The planned process of the automated investigation of the enzyme EC.6.1.39 is an instance of the class hypothesis driven investigation with the objective to test the hypothesis specified in the planning process (we represent here only a single hypothesis textual entity which serves as a design pattern). The result is whether the metabolite affected the growth of the yeast strain (see Figure 3, optical density reading box). The upper growth curve (drawn in red) shows the growth rate with the addition of the metabolite, and the lower curve (drawn in blue) shows the growth rate with no metabolite. So, the addition of the metabolite affects the growth rate of the yeast. The results interpretation is modeled as a conclusion textual entity that states that the hypothesis inferred by Adam has been confirmed and the robot can update its background knowledge.

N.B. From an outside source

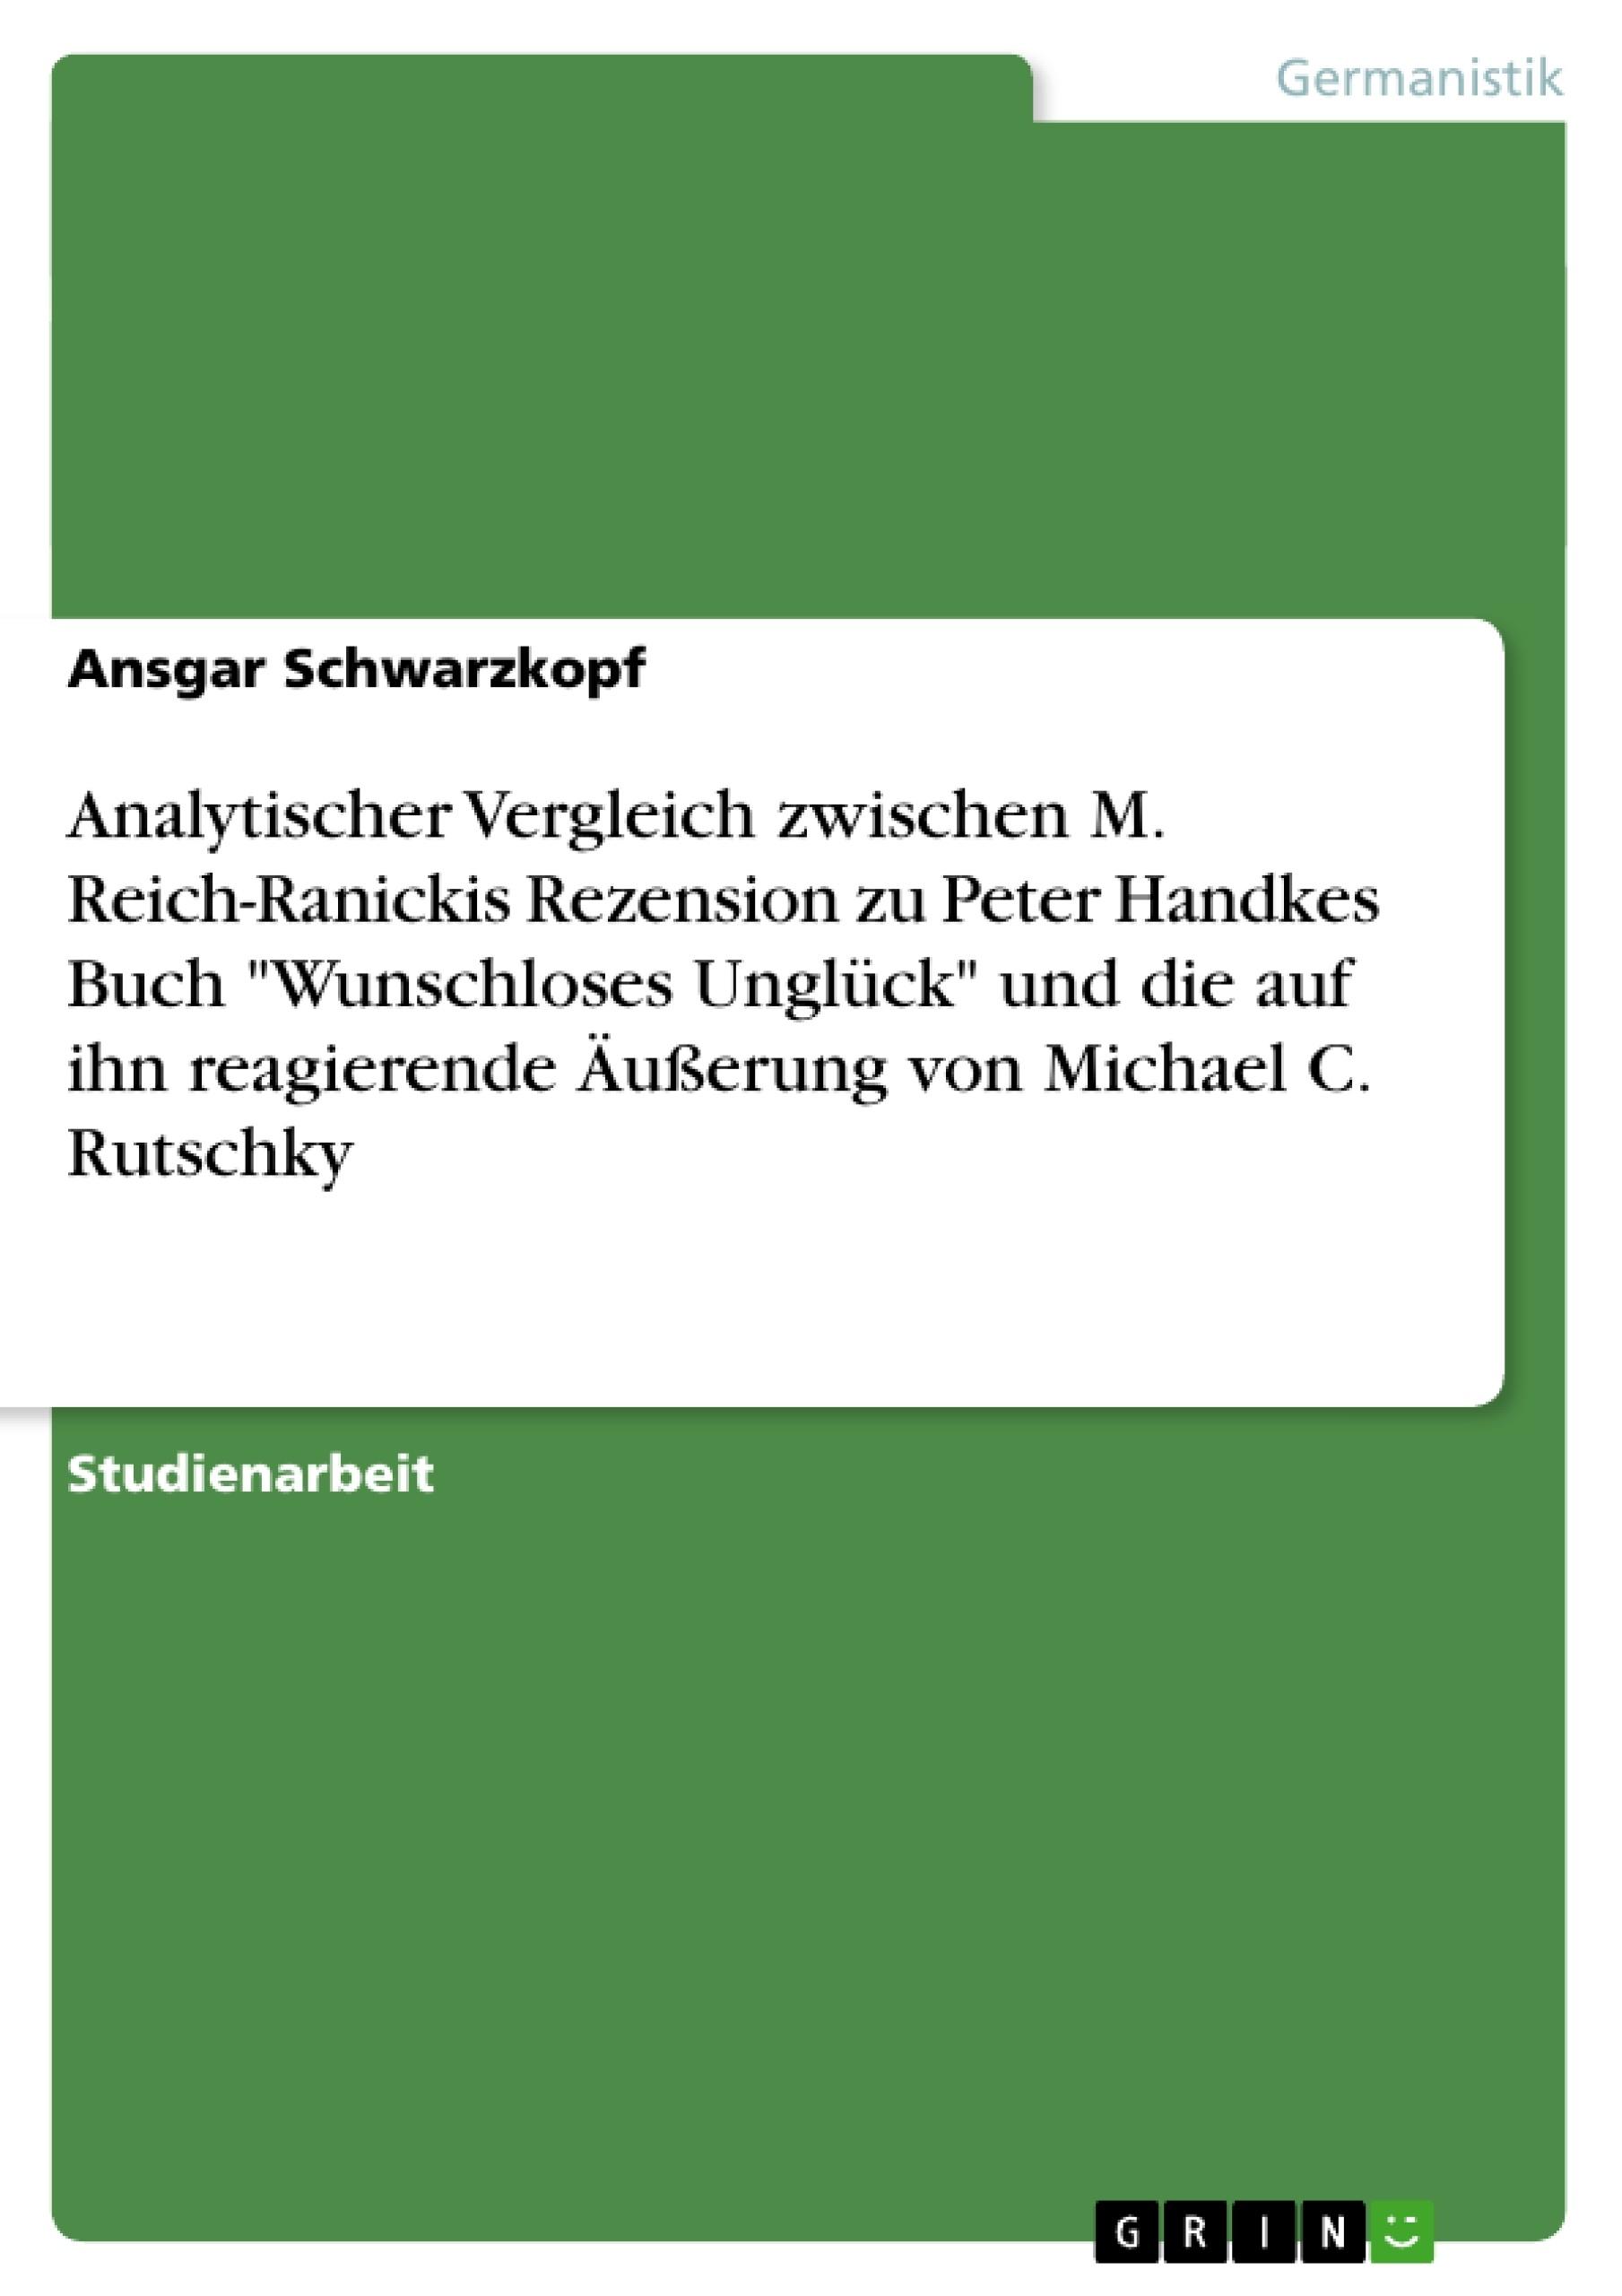 """Titel: Analytischer Vergleich zwischen M. Reich-Ranickis Rezension zu Peter Handkes Buch  """"Wunschloses Unglück""""  und die auf ihn reagierende Äußerung von Michael C. Rutschky"""

The investigation process has several assays that provide data used to test the hypotheses. The assay has specified inputs the metabolite and the yeast strain specified in the hypothesis, and the specified output is a data set consisting of several optical density measurements. The yeast bears the evaluant role, and the metabolite the nutrient role.
Ontology classes used in the three use cases (note: instances are not included):
Sources and term IDs
administering substance in vivo
conclusion textual entity
extracellular electrophysiology recording
hypothesis driven investigation
hypothesis textual entity
material to be added role
measuring neural activity in the caudate nucleus
extracellular electrophysiology recording
directive information entity
administering substance in vivo
directive information entity
presentation of stimulus
spike train datum
study subject role
target of material addition role
administering substance in vivo
Relations used in the three use cases:
1, 2, 3
In the example of the neuroscience investigation use case, the construction of logical definitions of the experimental process encouraged us to ask questions of domain experts because details we wished to capture were not explicit in the publication. For example, was the location of the micro-electrode extra- or intra- cellular? Were all spike train data recorded from the caudate nucleus? How does a spike train relate to the GO biological process regulation of action potential [GO:0001508]? Based on the answers, we augmented OBI’s existing assays and imported several terms from external ontologies, for example NIFSTD. When we needed relations that were not yet present in OBI, rather than define them ourselves we used relations from ro_proposed (http://obofoundry.org/cgi-bin/detail.cgi?ro_proposed). For example unfolds in specifies that an occurrent (process) happens in a certain location (i.e., the assay of spike trains in the caudate nucleus). Finally, we used the NCBI taxonomy  to describe the species involved in this experiment. Re-use of external resources fulfils two purposes. First, as domain experts have already devoted time to defining terms in these external ontologies we save ourselves substantial efforts by not replicating that work. Second, by re-using existing resources that others already use, we improve the potential for future data integration by making it unnecessary to map between different identifiers denoting the same entity.
In developing the neuroscience use case we found decisions about choosing an appropriate level of detail challenging: in this use case we decided not to include instances of the classes, but instead to focus on adding classes that can be re-used for other use cases and communities. It is our intention that our analysis and the classes we defined serve as design patterns for other neuroscience assays. Depending on the use case, OBI intends to be able to model the desired level of details (granularity), from molecular level experiments to higher level of biomedical investigations. OBI can be used at a more or less granular level depending on the user community needs.
In the second use case, the vaccine protection investigation includes three processes. The processes vaccination and pathogen challenge are disjoint subclasses of administering substance in vivo. The process Survival assessment is a type of assay (Table 1). We found that all these required processes, as well as all other entities described in the use case could be represented using OBI idioms. Syringe is a processed material that participates in different processes. Entities such as vaccine are types of material entity. Host role, pathogen role, and material to be added role are types of role.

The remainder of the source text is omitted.